:: Your goal ::
Begin the copy at the line containing "Shearling lined green suede ankle boots" and end it at the final line of the material below, reproducing each line exactly, without images.

:: Exercise data ::
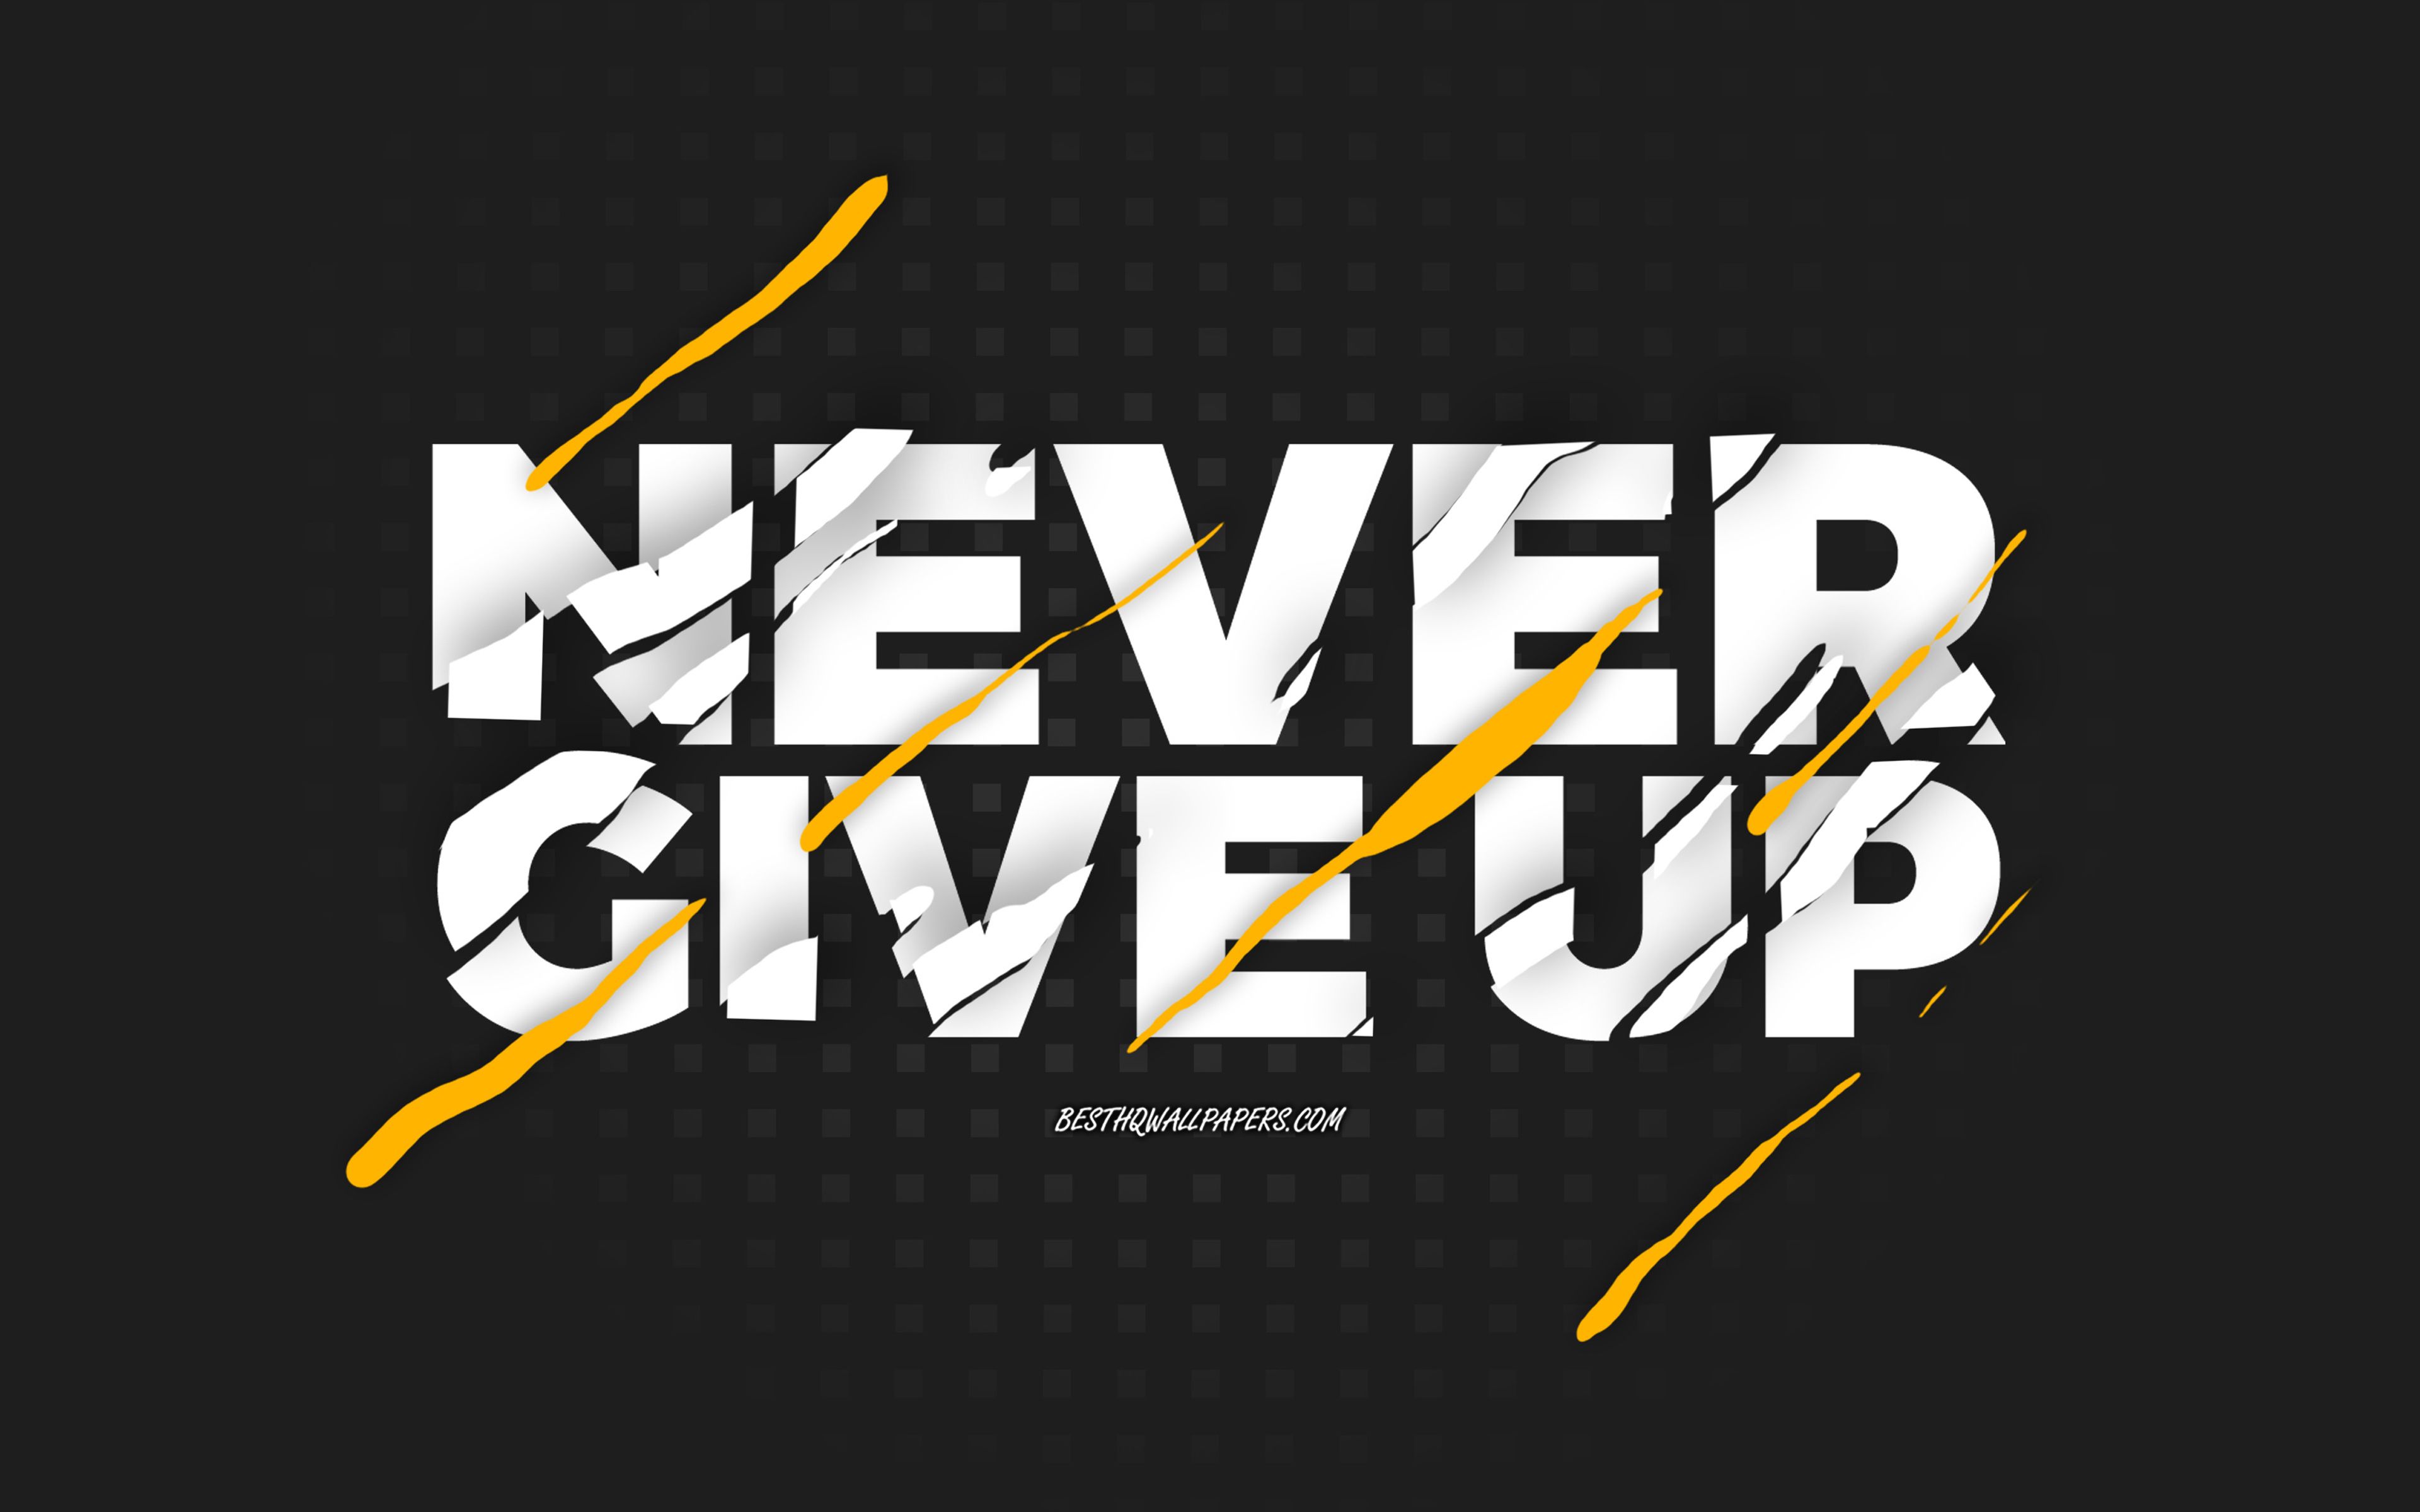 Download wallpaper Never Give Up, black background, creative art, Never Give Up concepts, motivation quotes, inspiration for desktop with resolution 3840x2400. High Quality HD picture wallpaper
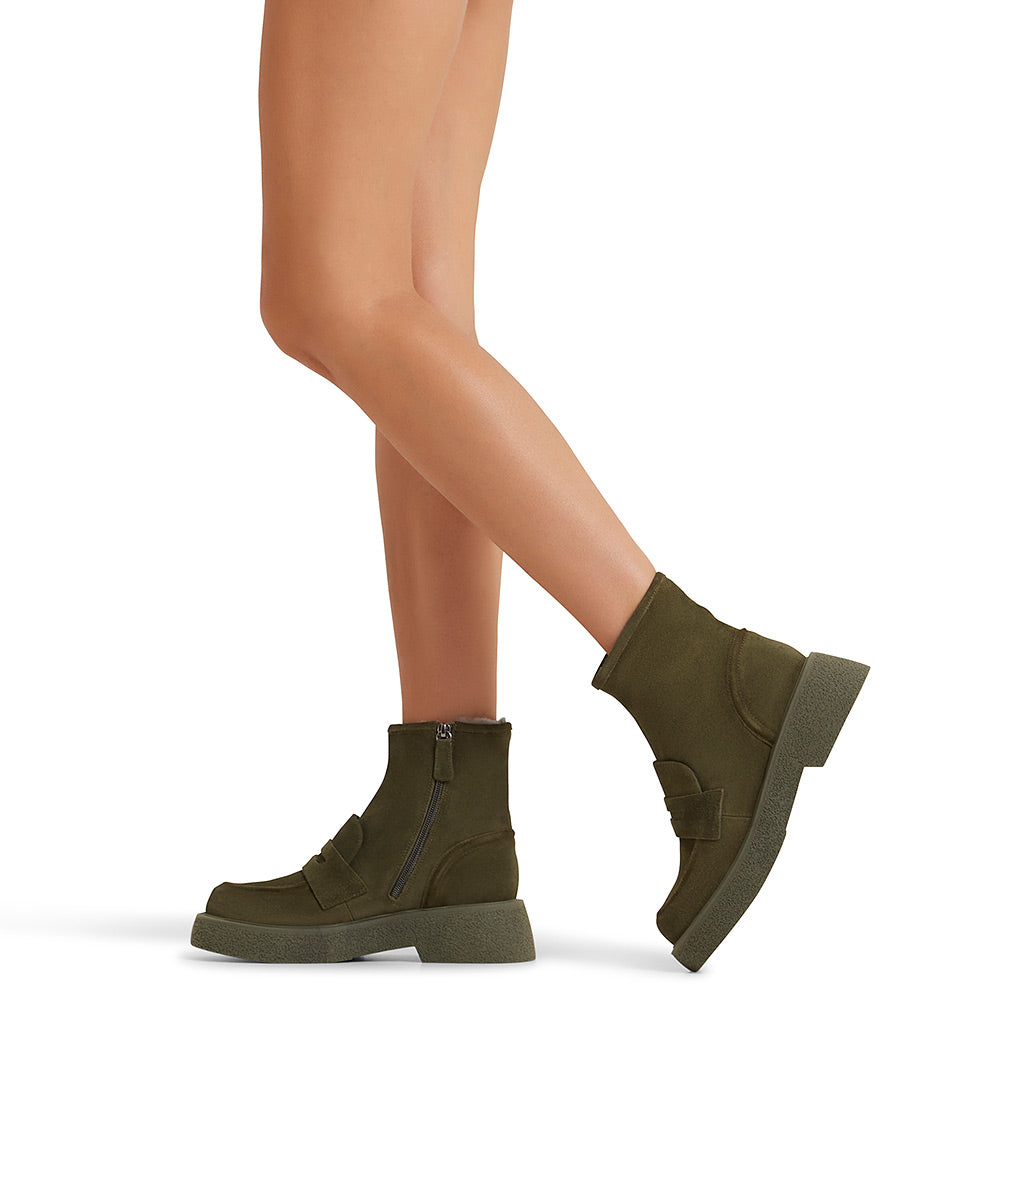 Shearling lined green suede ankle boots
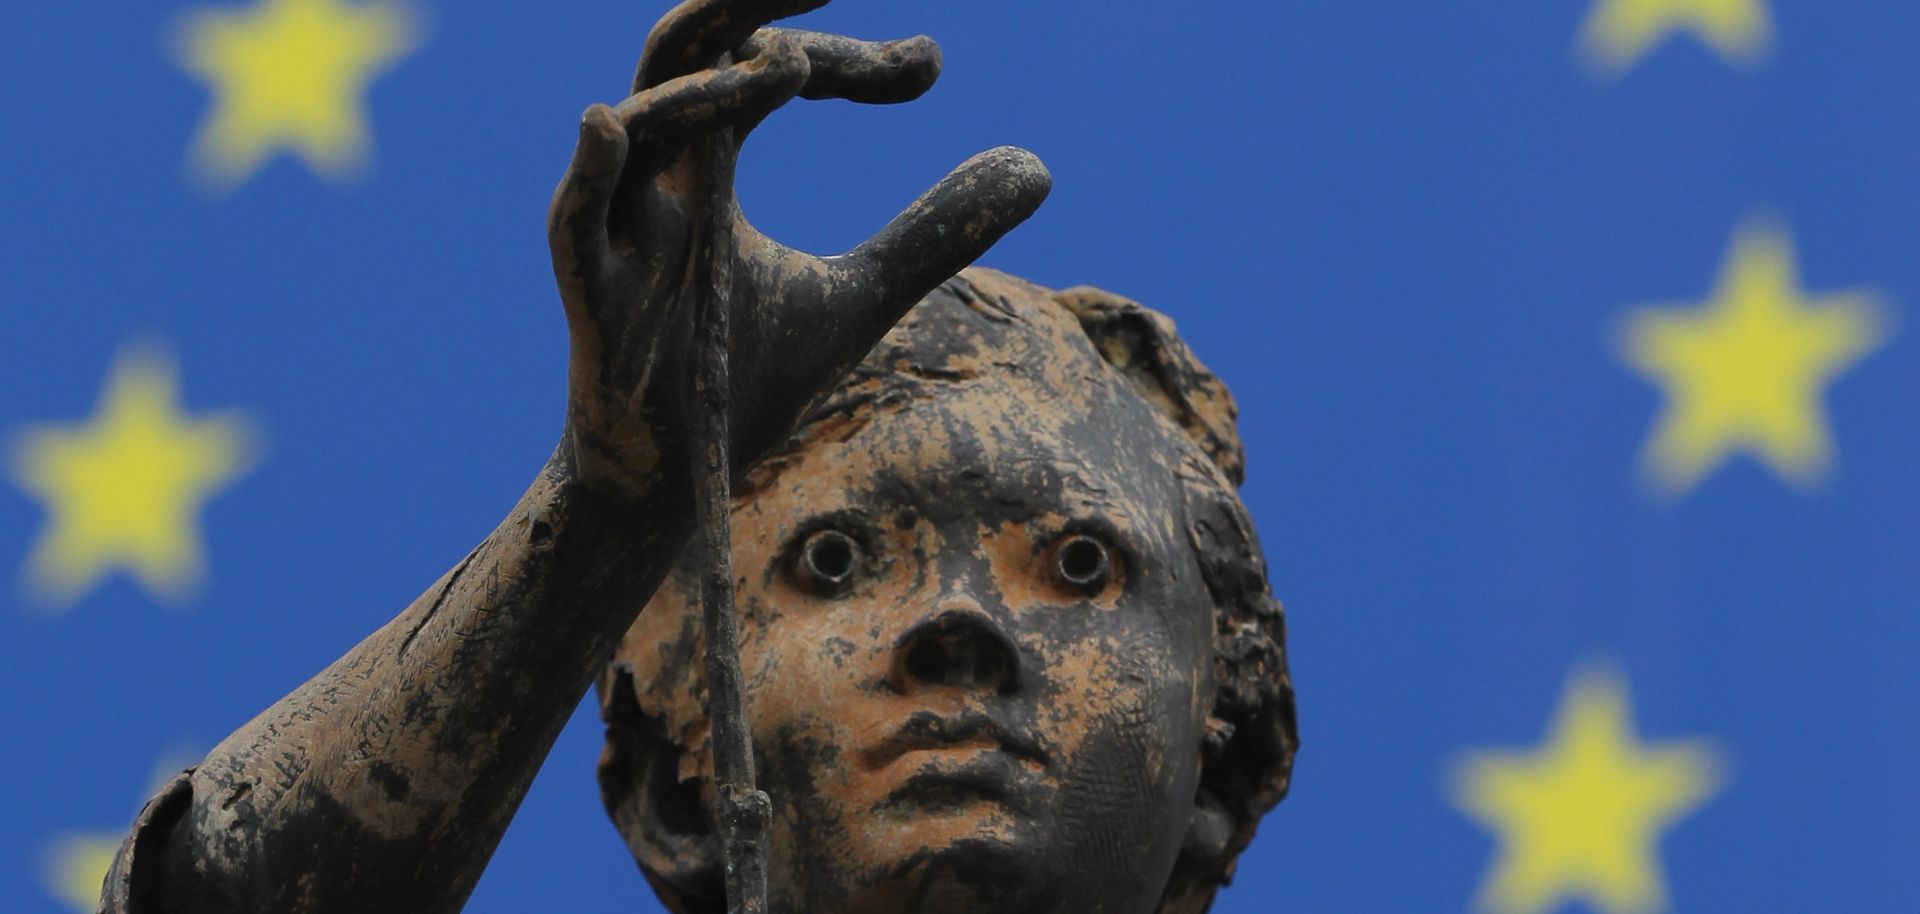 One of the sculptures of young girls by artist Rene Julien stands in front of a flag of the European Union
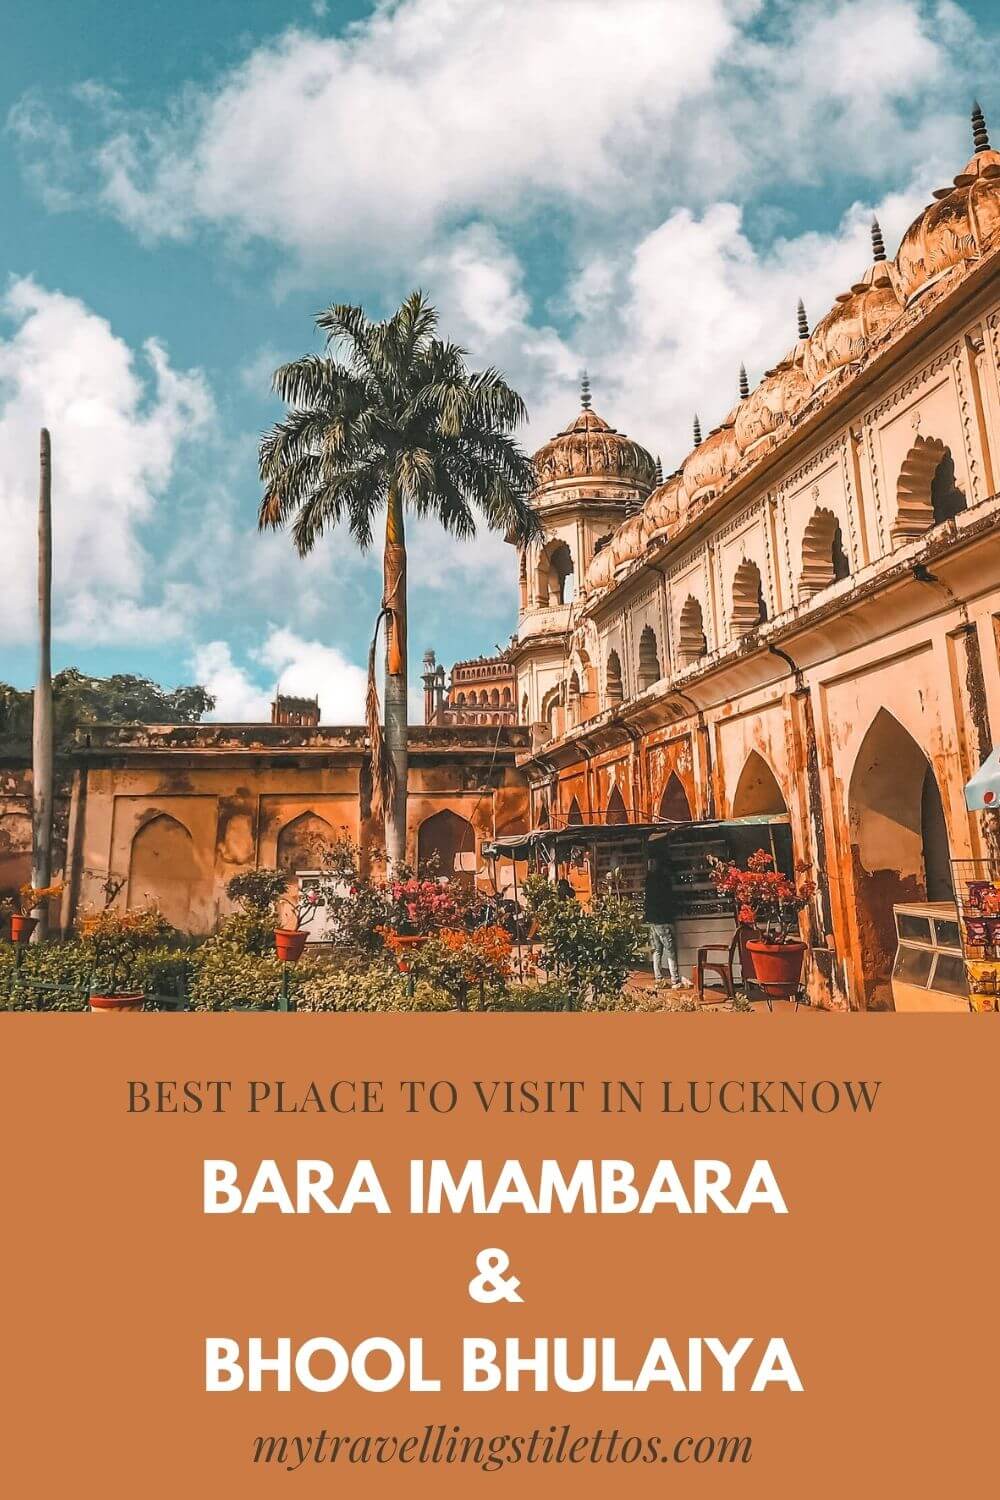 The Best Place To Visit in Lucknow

:: Answer space ::
 Shearling lined green suede ankle boots
 One of the sculptures of young girls by artist Rene Julien stands in front of a flag of the European Union
 The Best Place To Visit in Lucknow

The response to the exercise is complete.